描述（由申请人提供）：暴露于环境源的电离辐射是普遍的。此外，大多数癌症患者接受放射治疗。电离辐射杀死细胞，部分原因是通过诱导DNA双链断裂（DSBs）。dna依赖性蛋白激酶（DNA-PK）在DSB修复的调控中起着至关重要的作用。DNA- pk通过与断裂的DNA末端结合而激活，使自身、其他修复蛋白和p53等信号分子磷酸化。需要验证的假设是，DNA-PK具有决策或“检查点”功能。有人提出，DNA- pk最初结合到DNA末端形成一个阻滞复合物。一个DNA末端与另一个兼容的、相反的DNA末端的突触可能通过DNA- pk催化亚基自磷酸化导致激酶激活和检查点释放。有人提出，DNA-PK也能感知到DSB在没有进一步加工的情况下无法修复，并通过招募和潜在的磷酸化酶来响应，这些酶是处理末端进行结扎所需的。或者，如果复合体仍然无法修复，DNA-PK可能使复合体或肿瘤抑制因子p53中的负调控位点磷酸化。三个具体目的是：(1)表征DNA- pk与分离的DNA末端结合时形成的初始复合物。DNA-蛋白质交联点以及蛋白质和DNA对化学和酶探针的可及性模式将被表征。

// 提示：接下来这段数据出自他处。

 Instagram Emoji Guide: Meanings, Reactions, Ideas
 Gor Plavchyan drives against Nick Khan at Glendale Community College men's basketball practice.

(2)描述检查点释放的机制。相对于初始复合物，将鉴定突触复合物中蛋白质- dna接触和蛋白质构象的变化。将鉴定突触复合体中DNA-PKcs磷酸化位点并研究其功能。(3)表征DNA末端形成的DNA- pk复合物，该复合物在修复前需要加工。配合物将在具有发夹末端的寡核苷酸上形成，因此不进行核分解处理是无法修复的。这种复合物招募和磷酸化发夹核酸内切酶Artemis的能力将被表征。在没有Artemis的情况下使用替代底物，如p53，将进行研究。总体目标是获得DSB修复调节的基本见解，这将导致新的，基于机制的策略，以提高放射治疗的疗效。